Double Field Theory reproduces Gomis-Ooguri string spectrum.

Derived linearized equations of motion for perturbations.

Presented a new non-Riemannian solution with Schrödinger symmetry.

Abstract

Double Field Theory provides a geometric framework capable of describing string theory backgrounds that cannot be understood purely in terms of Riemannian geometry -- not only globally (`non-geometry'), but even locally (`non-Riemannian'). In this work, we show that the non-relativistic closed string theory of Gomis and Ooguri [1] arises precisely as such a non-Riemannian string background, and that the Gomis-Ooguri sigma model is equivalent to the Double Field Theory sigma model of [2] on this background. We further show that the target-space formulation of Double Field Theory on this non-Riemannian background correctly reproduces the appropriate sector of the Gomis-Ooguri string spectrum.
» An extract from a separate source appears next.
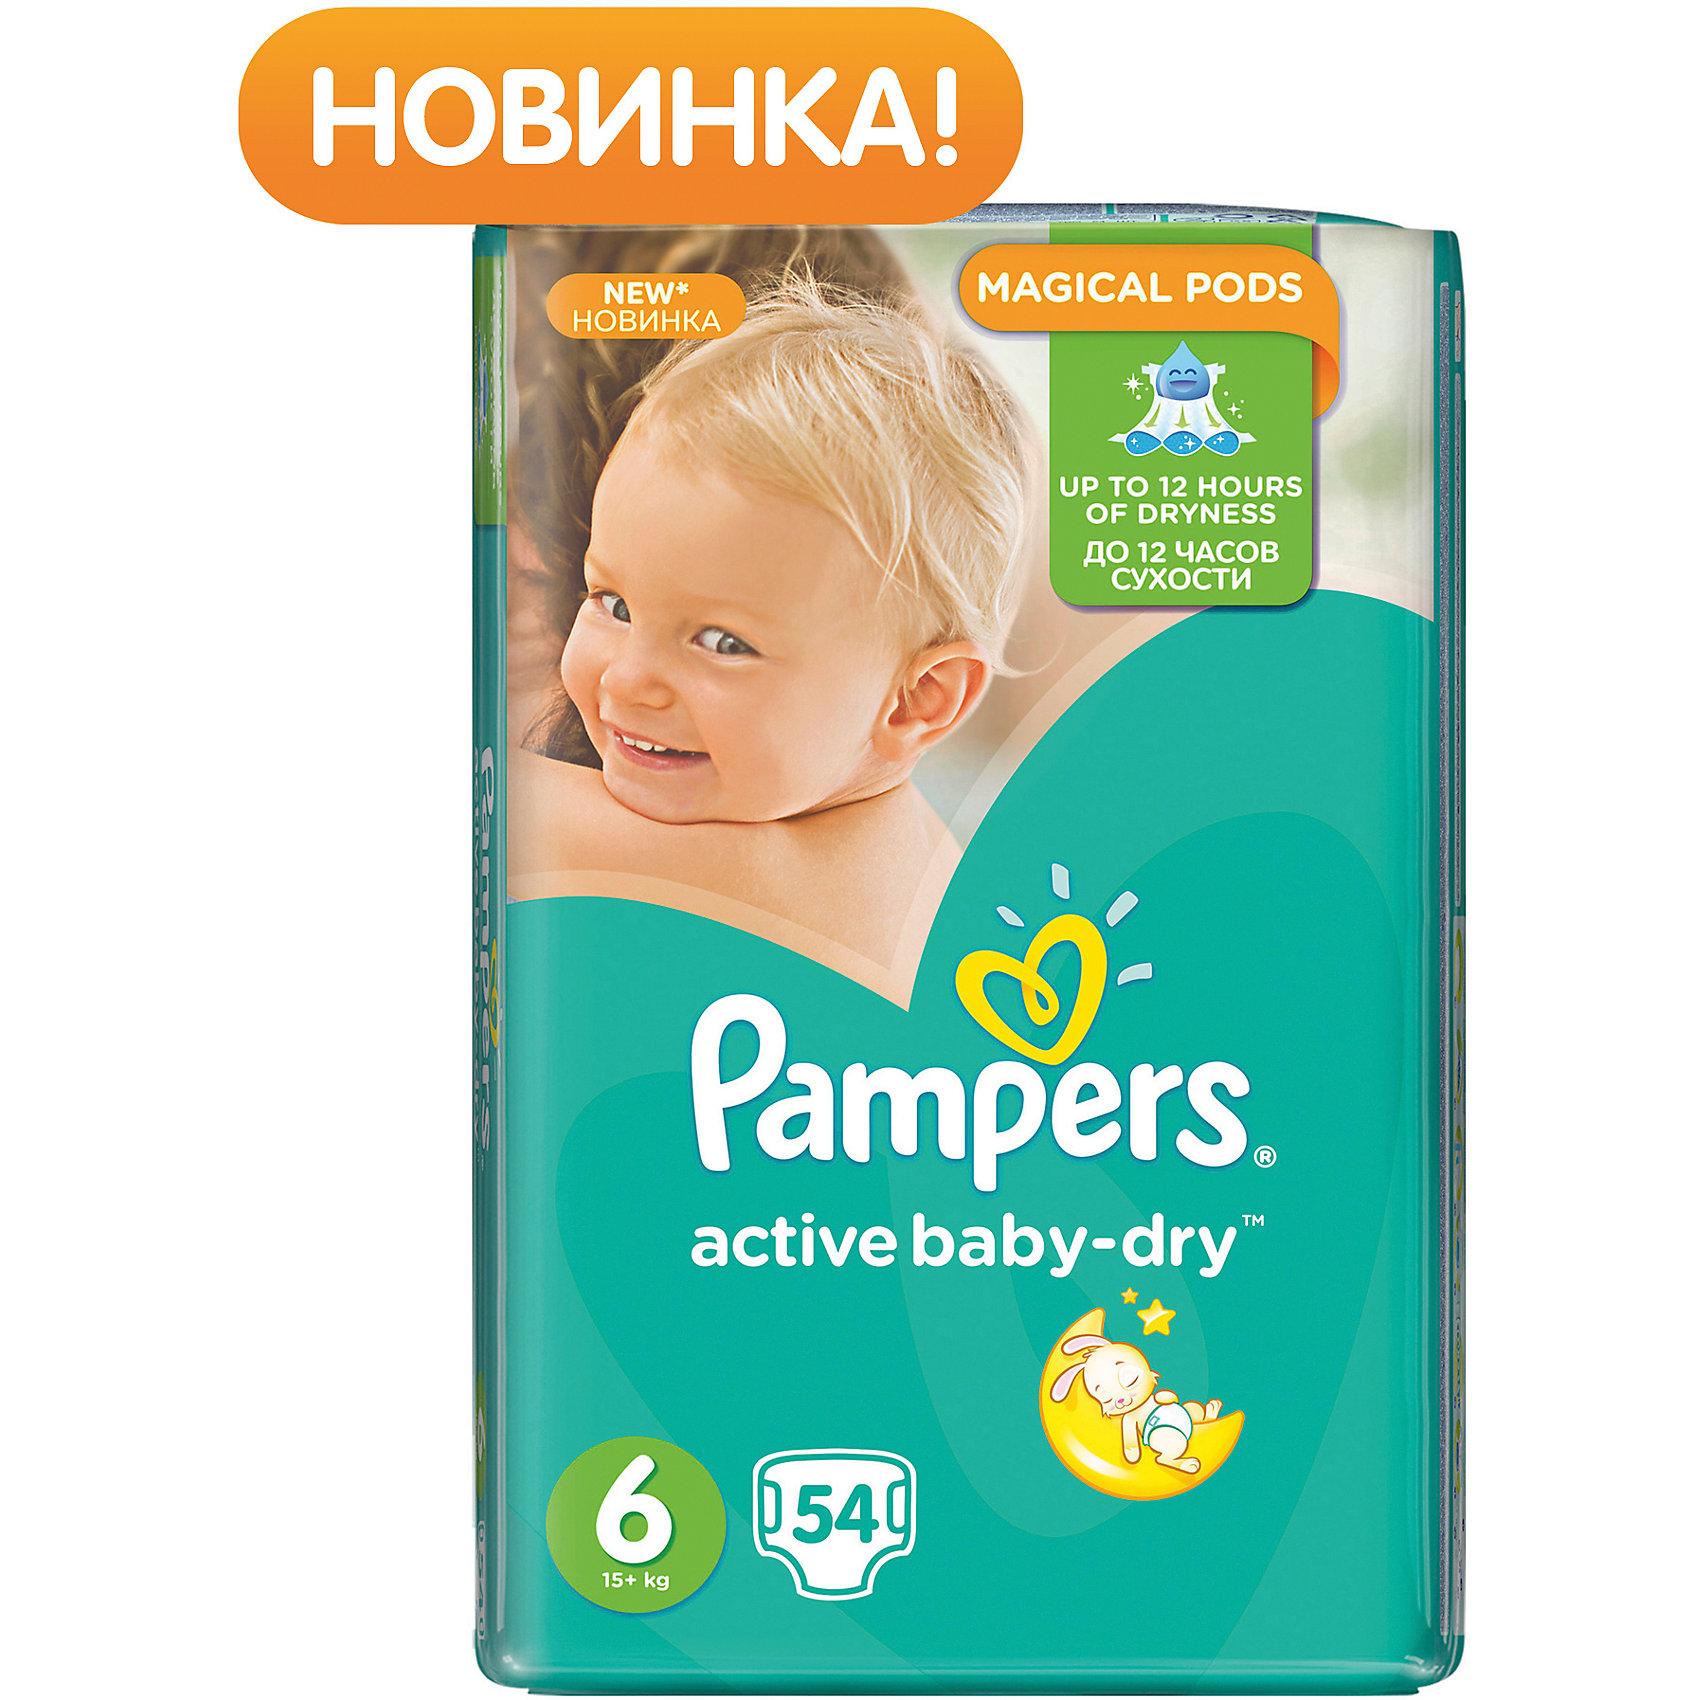 Подгузники Pampers  Active Baby-Dry Extra Large, 15+ кг., 54 шт.Ух ты, как сухо! А куда исчезли все пи-пи? Вы готовы к революции в мире подгузников? Как только вы начнете использовать Pampers active baby-dry, вы убедитесь, что они отличаются от наших предыдущих подгузников. Революционная технология помогает распределять влагу равномерно по 3 впитывающим каналам и запирать ее на замок, не допуская образование мокрого комка между ножек по утрам. Эти подгузники настолько удобные и сухие, что вы удивитесь, куда делись все пи-пи!<br> -  3 впитывающих канала: помогают равномерно распределить влагу по подгузнику, не допуская образование мокрого комка между ножек.<br> -  Впитывающие жемчужные микрогранулы: внутренний слой с жемчужными микрогранулами, который впитывает и запирает влагу до 12 часов.<br> - Слой DRY: впитывает влагу и не дает ей соприкасаться с нежной кожей малыша.<br> - Мягкий, как хлопок, верхний слой: предотвращает контакт влаги с кожей малыша, для спокойного сна на всю ночь.<br> -  Дышащие материалы: обеспечивают циркуляцию воздуха внутри подгузника.<br> - Тянущиеся боковинки: для комфортного использования и защиты от протеканий.<br><br>Ширина мм: 414<br>Глубина мм: 120<br>Высота мм: 251<br>Вес г: 1861<br>Возраст от месяцев: 12<br>Возраст до месяцев: 36<br>Пол: Унисекс<br>Возраст: Детский<br>SKU: 5422932

To do this, we develop a general semi-covariant formalism describing perturbations in Double Field Theory. We derive compact expressions for the linearized equations of motion around a generic on-shell background, and construct the corresponding fluctuation Lagrangian in terms of novel completely covariant second order differential operators. We also present a new non-Riemannian solution featuring Schr\"odinger conformal symmetry.